Stone Mountain said:


> I have been caught before like that. A few years ago, I was doing 200 builders decks. We'd been on site off and on for a year. Never had a problem. One day near the end of the project, I got a call from a customer. Their $7000 addition to the standard builder's deck that I had designed for them 2 months earlier (and quoted $10,000) was sinking. Odd, because I hadn't done the addition. turns out the carpenter on site did it himself, but didn't "fully" clarify to the customer that he was doing it privately. Of course, the customer thought that I had just authorized the worker to give him a $3000 discount!! Although I had nothing to do with it (the worker bought his own material, and was paid in cash), my lawyer advised me I was on the hook for warranty work!!
> 
> Since then, I have a policy. A worker is on a site because I paid for the marketing to get him there. I invested the time and effort to design the project and sell it. I paid for the material. I am paying his labour. I am covering insurance, workers comp, and administration. In short, any extra work on that site is mine. If a passer by approached the worker, that is my lead regardless of size.
> Those of my workers who respect me, understand this, and will tell me. (Those of my workers who don't respect me usually don't last ver well, because I treat my men, and 2 women, very well). Generally, if it is a small job ( a gate for the neighbour, or fix a door), I tell them to make their own deal. If it is a larger job, I'll take it, but I make sure that the worker gets a bonus, and I usually give him the job.
> ...


I agree with that 100%. But that is totally different than what joasis states here.....



> A side job to me is defined as hanging a door, doing a tiling job of a few hours, repairing a shutter on a house, etc, etc...stuff that I do not send a crew and truck out to do, and work that if my guys choose to do, they can make a few extra bucks doing. Side jobs are not building homes, roofing a house, siding, building barns, or remodels.



This topic has been run through the mill before here, and seems it hasn't changed, only the names of the respondents. "Side job" seems to mean different things to different people. And that's OK.I agree with everyone here about having their businesses covered with policies pertaining to this topic, but again, some areas of the country still have 99% honest people living in them.

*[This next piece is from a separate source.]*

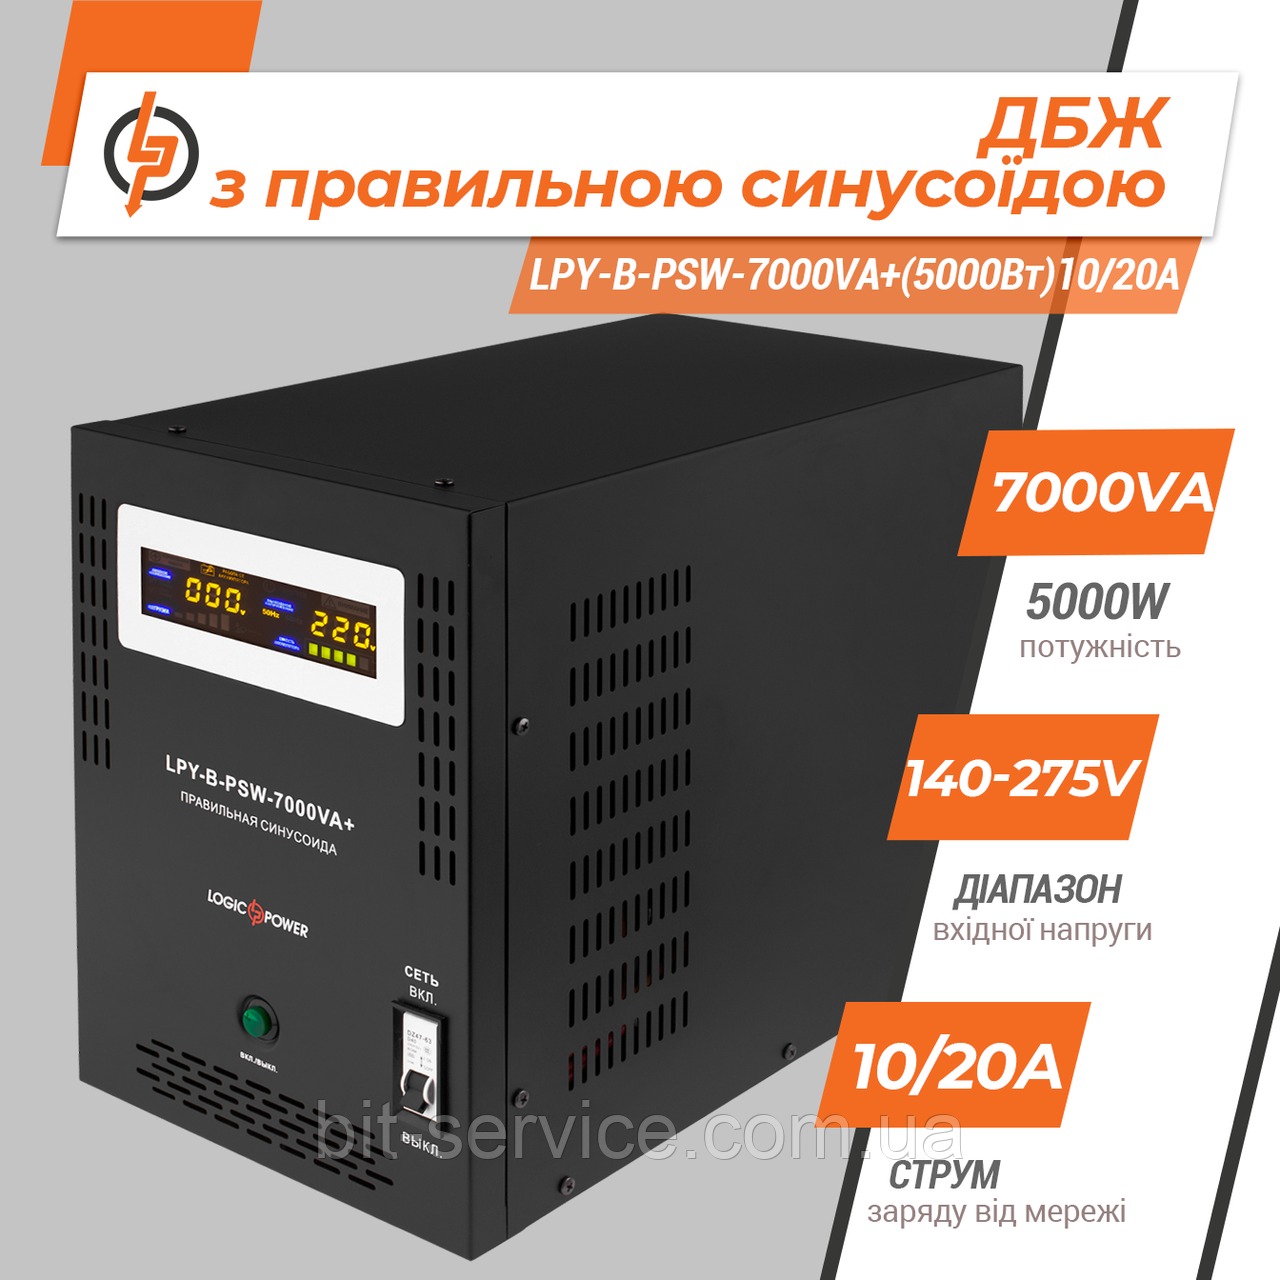 ДБЖ LogicPower LPY-B-PSW-7000VA+ (5000Вт) 48V 10A/20A с правильною синусоїдою

Yeah I know, it's the 1% you need to worry about, but with the small markets myself, joasis, & R&S have, we pretty much can tell who to trust & who not to trust. Hopefully we can trust not only our employees, but the homeowner also to let us know of any sidework being inquired about.


----------



## R&S Exteriors (Aug 4, 2006)

Stone Mountain said:


> I have been caught before like that. A few years ago, I was doing 200 builders decks. We'd been on site off and on for a year. Never had a problem. One day near the end of the project, I got a call from a customer. Their $7000 addition to the standard builder's deck that I had designed for them 2 months earlier (and quoted $10,000) was sinking. Odd, because I hadn't done the addition. turns out the carpenter on site did it himself, but didn't "fully" clarify to the customer that he was doing it privately. Of course, the customer thought that I had just authorized the worker to give him a $3000 discount!! Although I had nothing to do with it (the worker bought his own material, and was paid in cash), my lawyer advised me I was on the hook for warranty work!!


I don't think there is any disagreement on a situation like this. All these examples are of employee's "Mis-Representing" themselves and getting jobs by using the name, trucks, shirts of the company they work for.

Those type of employee's should be fired and in a situation like above maybe even sued. 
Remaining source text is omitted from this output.